Little did I know then that science can be a hostile world for women. Even today, Unicef ​​indicates that fields classified as STEM (Science, Technology, Engineering and Mathematics, for its English acronym) continue to show high gender disparity. Only 35% of those enrolled in universities in these fields are women, while 72% of researchers worldwide are men.

When it comes to publishing scientific articles, one of the strategies to gain more prestige and visibility, the perspective does not change. Last June, the respected journal Nature published a study entitled “Women get less scientific credits than men,” which found that women are much less likely to appear in a publication or patent than their male counterparts and that “the scientific contributions by women Women are systematically less likely to be recognized.

From Cuzco to Canada Latina scientists thriving far from homeidalia candelas

“As a woman, the path is taken differently,” says Dr. Valdez. “Even more so if you’re Latina. I don’t know of any other immunologist here in Canada who looks like me, with dark hair and brunette skin. You don’t have a picture of someone doing what you do and what you look like.” And it is that being a woman brings with it the challenges of being Latina. In 2008, Plos One magazine published a study, which showed that scientific articles signed by Latin American authors received fewer citations than those whose first author was a European.
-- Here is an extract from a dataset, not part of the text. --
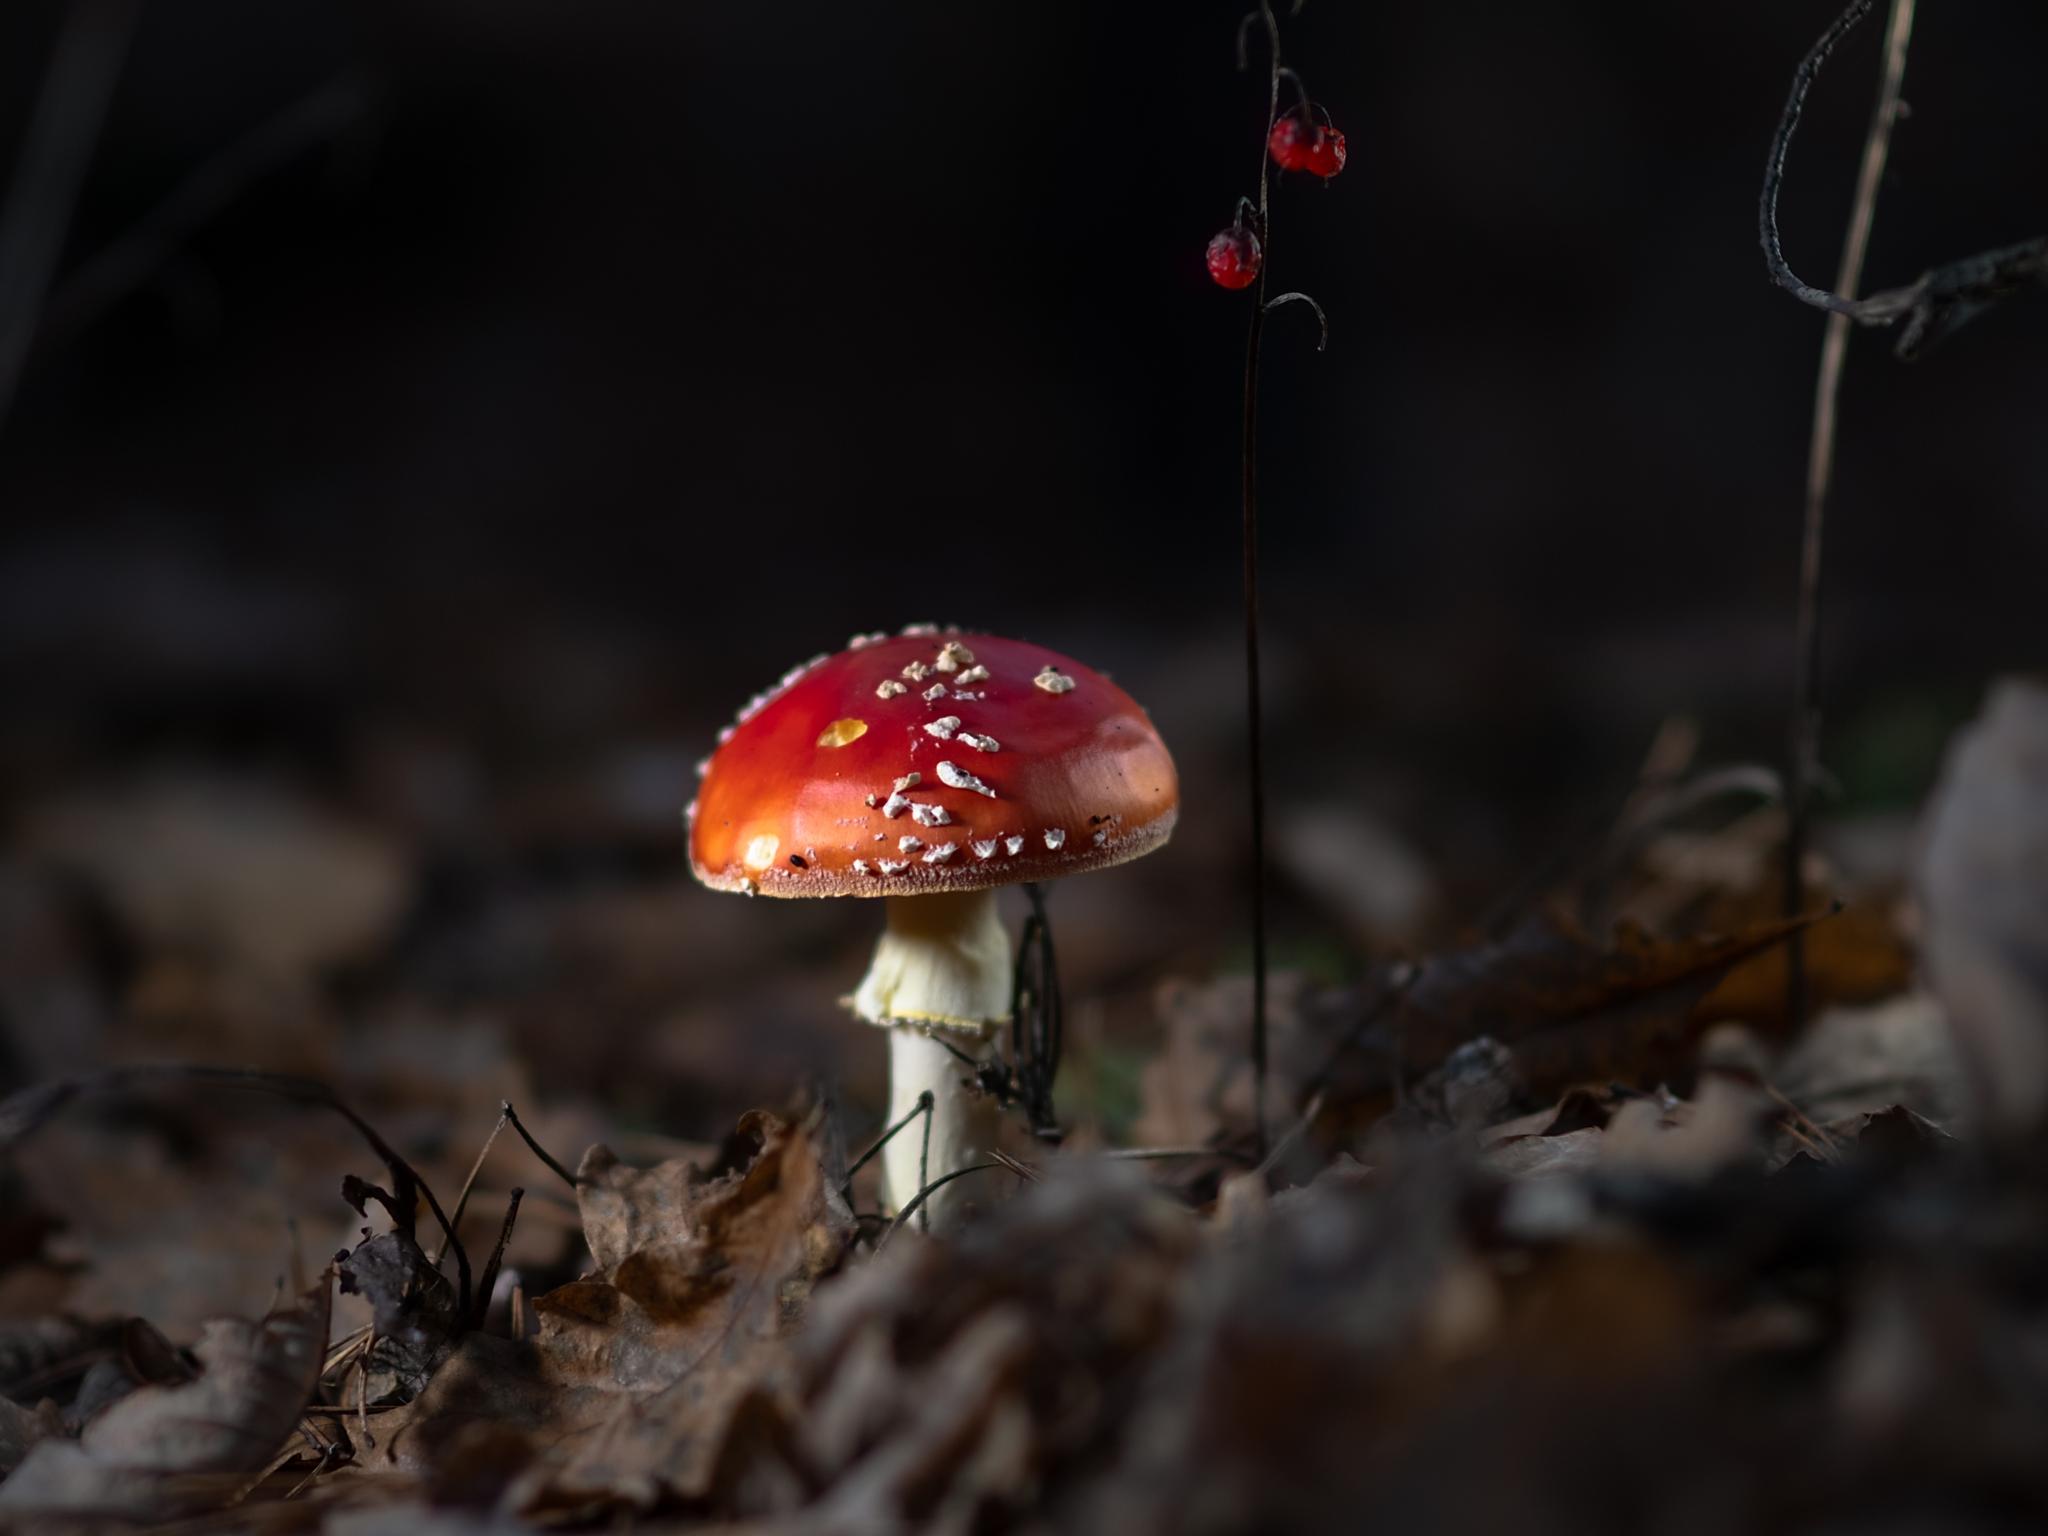  amanita-muscaria-mushrooms-are-taking-the-lead-in-markets-as-research-ramps-up

When he was younger, Valdez chose to ignore these issues in order to survive. “Equality was an issue that was not talked about and they recommended paying no attention and not making noise.” But after seeing the documentary Picture a Scientist, which shows the harassment of women scientists, she was able to see her life again: the inequality, the double effort, the microaggressions. “I went back to look at my story and saw every aspect of it,” she says.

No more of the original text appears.